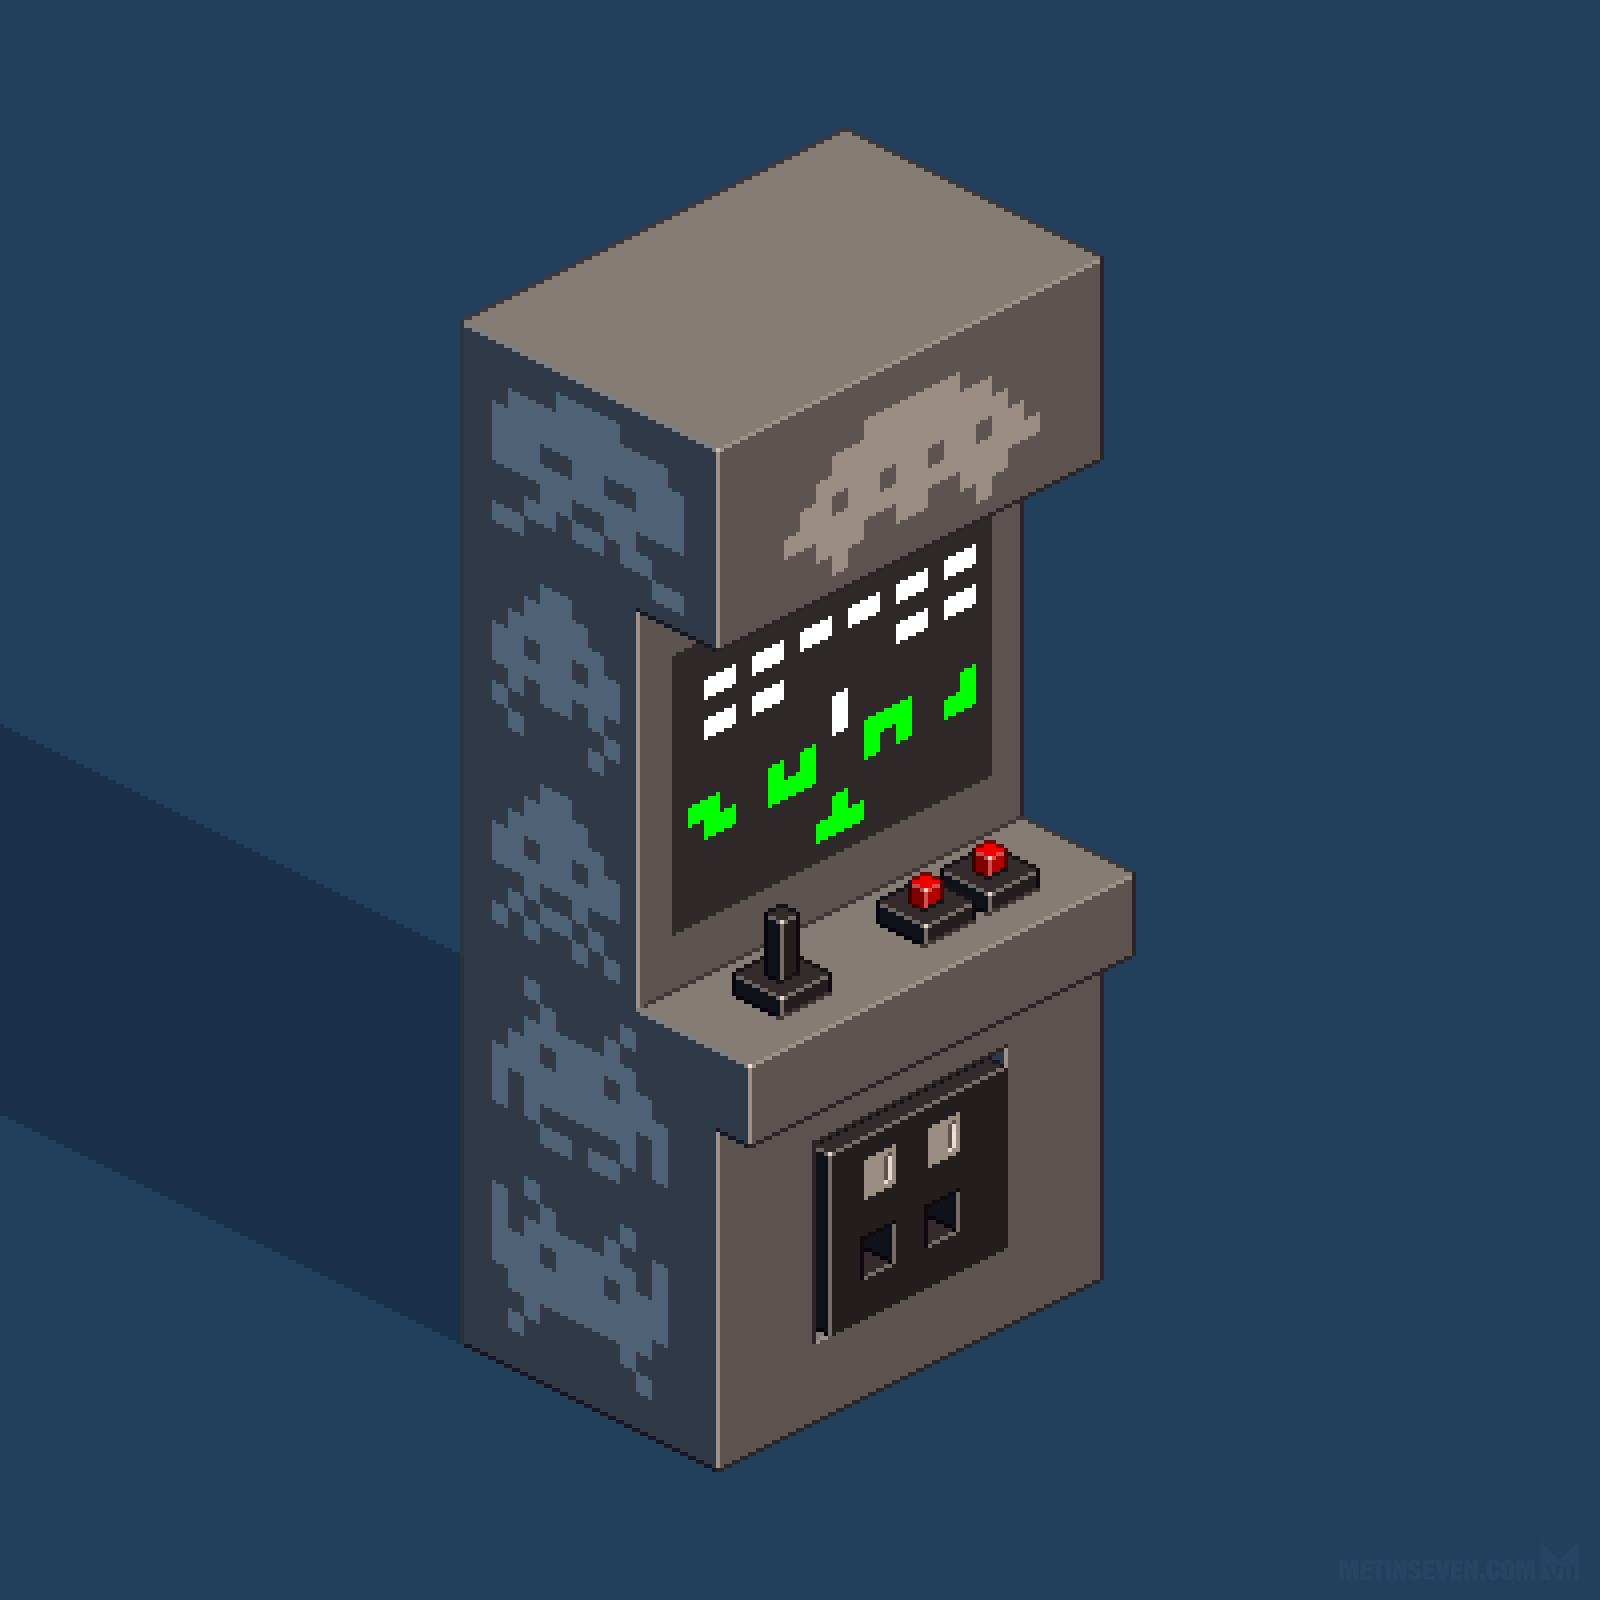 Space invaders arcade cabinet
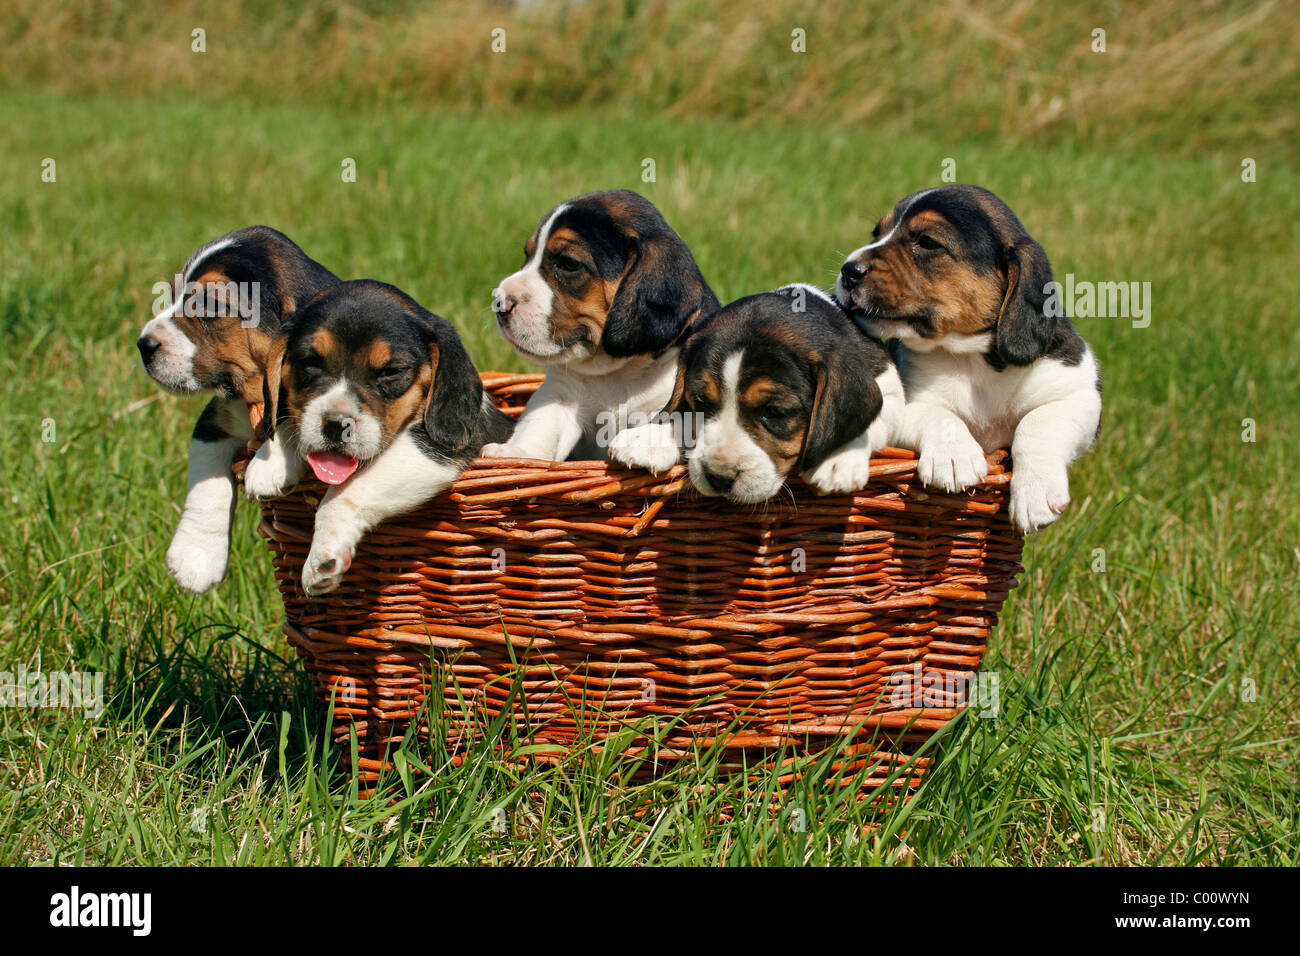 Group Of Beagles High Resolution Stock Photography and Images - Alamy
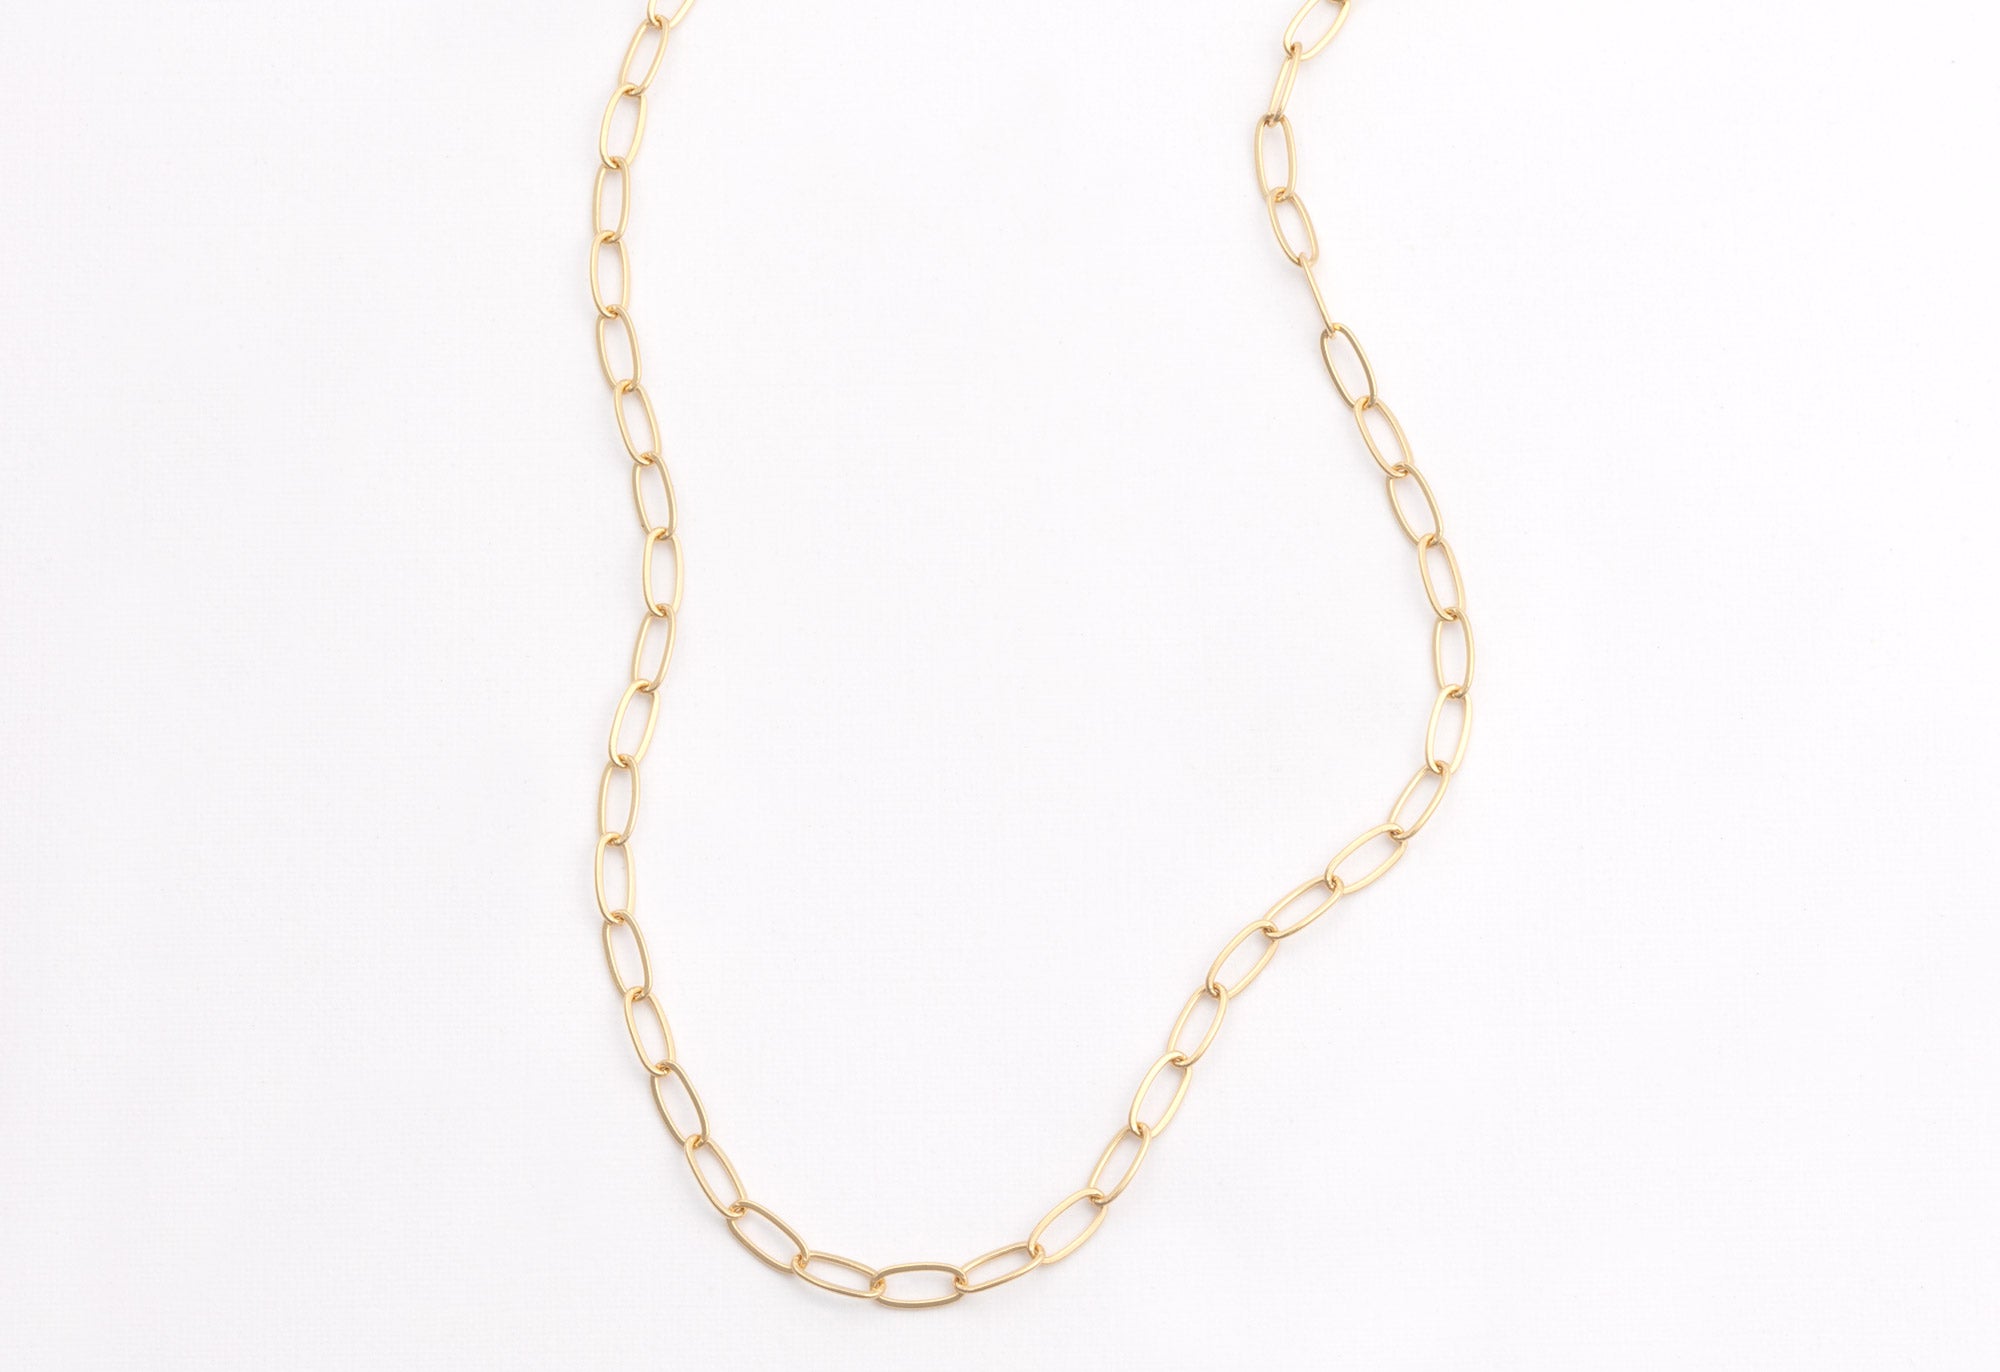 Yellow Gold The Drawn Cable Chain Charm Necklace on White Background

• • • • • • •

_EXERCISE GOAL_.
Drop the images and copy all the data exactly.

_ANSWER BOX_.
 Space invaders arcade cabinet
 Group Of Beagles High Resolution Stock Photography and Images - Alamy
 Yellow Gold The Drawn Cable Chain Charm Necklace on White Background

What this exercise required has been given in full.